One fork was a bit short and soft so I carved it back to strong wood and capped it with alternating petals of padauk and black alder. Fork tips and end are capped with more padauk and black alder. The finish is gloss lacquer.

It has some subtle indentations to enhance the left-hand grip, I'm sure a right hand would find a comfy grasp without to much drama.

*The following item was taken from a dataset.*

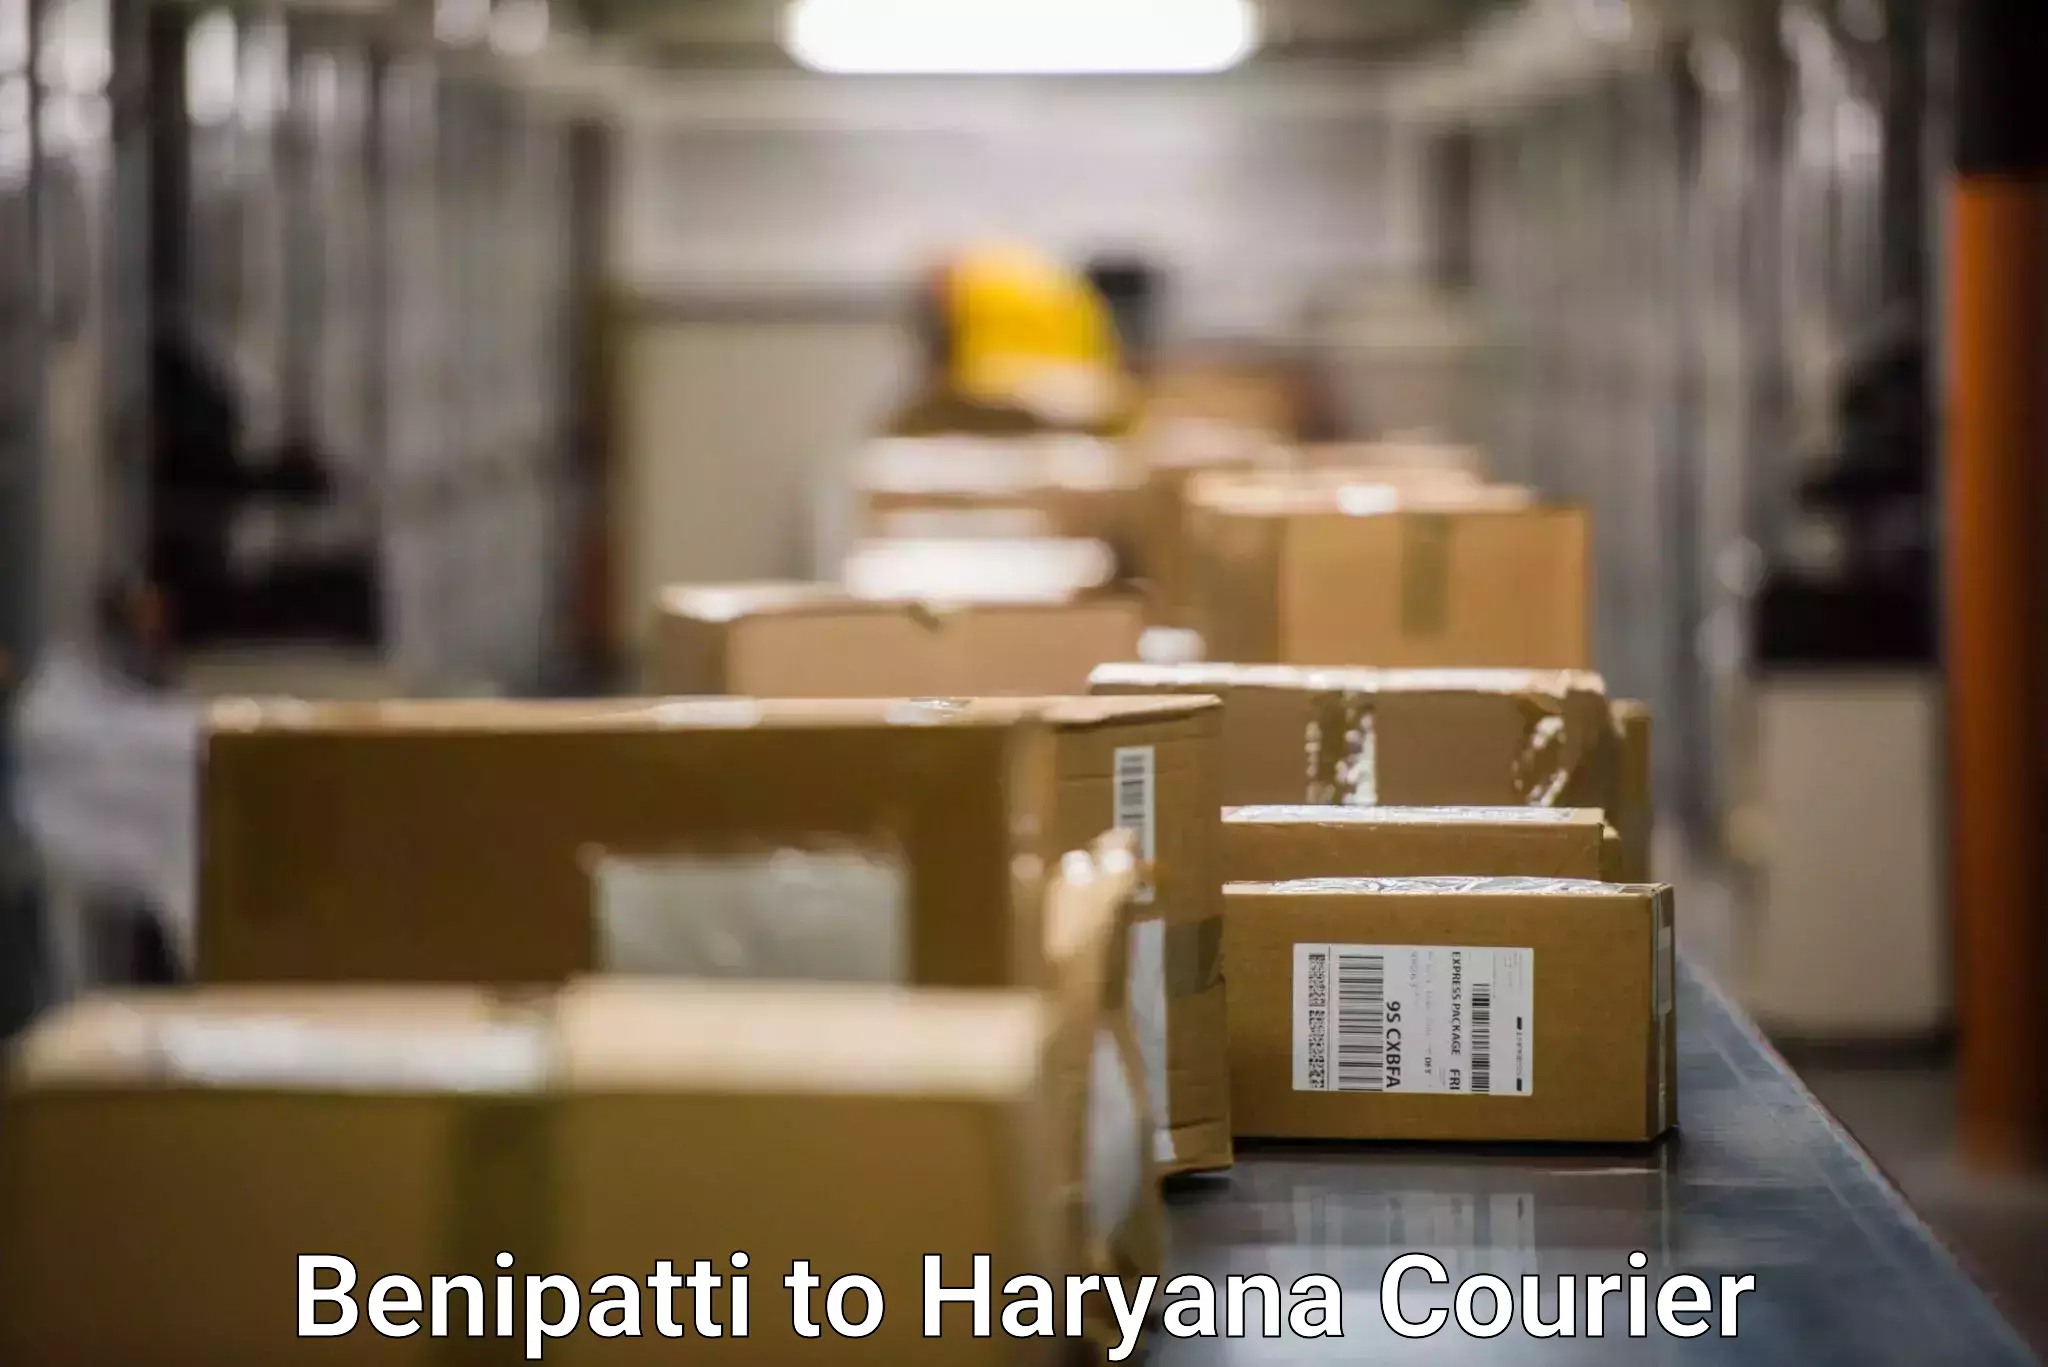 Local delivery service Benipatti to Sonipat

I haven't banded it up yet, but I'm thinking of applying some of the shiny new Tex latex that BToon sent me along with an e~shot pouch. For now I think I'll just keep looking at the pretty fork tips before I cover them up with bands.


----------



## red rooster (Oct 14, 2013)

Quality.


----------



## jld70 (Mar 27, 2013)

Wow Ash, Your right both Karis are hotties!!


----------



## e~shot (Jun 3, 2010)




----------



## Sharker (Sep 15, 2013)

Thats really beautiful, so shiny finishing


----------



## bullseyeben! (Apr 24, 2011)

Strike me pink thats pretty..
Pettles hey..... thats lovely! A few more beers and id be in trouble lol..


----------



## Btoon84 (Nov 22, 2011)

Wow dude, wonderful slingshot, love those nice lam's on that fork dude. And the name, perfect sir.


----------



## M.J (Nov 1, 2010)

That's really great!!

I don't think I've ever seen a fork leg built up that way.


----------



## Deano 1 (Oct 11, 2013)

That's verging on sexy.


----------



## The Gopher (Aug 25, 2010)

M.J said:


> That's really great!!
> 
> I don't think I've ever seen a fork leg built up that way.


I agree and i love it!


----------



## Bighaze51 (Sep 30, 2013)

Wow! Beautiful! What did you finish that with?


----------



## ruthiexxxx (Sep 15, 2012)

wow...just wow !!!


----------



## Jaximus (Jun 1, 2013)

I would be horrified to shoot it. That's not a slingshot. It's a work of art. Stick that thing in a gallery somewhere for Heaven's sake!


----------



## Withak (Aug 26, 2013)

Beautiful work, a nice tribute to Kari :naughty:


----------



## SmilingFury (Jul 2, 2013)

Kari will eventually get old. This slingshot will be beautiful forever. Well done. You some serious skills.

Be well,
SF


----------



## red rooster (Oct 14, 2013)

Quality of some of the slingshots constantly amazes me best I can do is take a knife an some paper to a natural.going to stop posting any I make.


----------



## Can-Opener (May 11, 2013)

Very nice! Kari is a Hottie! No matter what she wears she looks NICE! Very Nice!


----------



## mr. green (Nov 3, 2012)

She is RED HOT. Thank you for sharing, Ash.


----------



## HP Slingshots (Jun 12, 2013)

Simply Beautiful


----------



## quarterinmynose (Jan 21, 2012)

quite stinkin' awesome! You the man Ash.


----------



## rockslinger (Nov 16, 2010)

Wow, thats the cats meow!!


----------



## Lacumo (Aug 18, 2013)

That's a genuinely good-looking, extensively enhanced (former) natural.


----------



## GHT (Jan 22, 2013)

Lovely work , IMO the charm and allure of your catty exceeds that of the show presenter.


----------



## flicks (Feb 16, 2013)

Awesome ash! Very inpressive work! The laminations are amazing. Thanks for sharing! :bowdown:


----------



## Quercusuber (Nov 10, 2011)

A slingshot UNPARALLELED!!!

You really achieved a work outside the box!!!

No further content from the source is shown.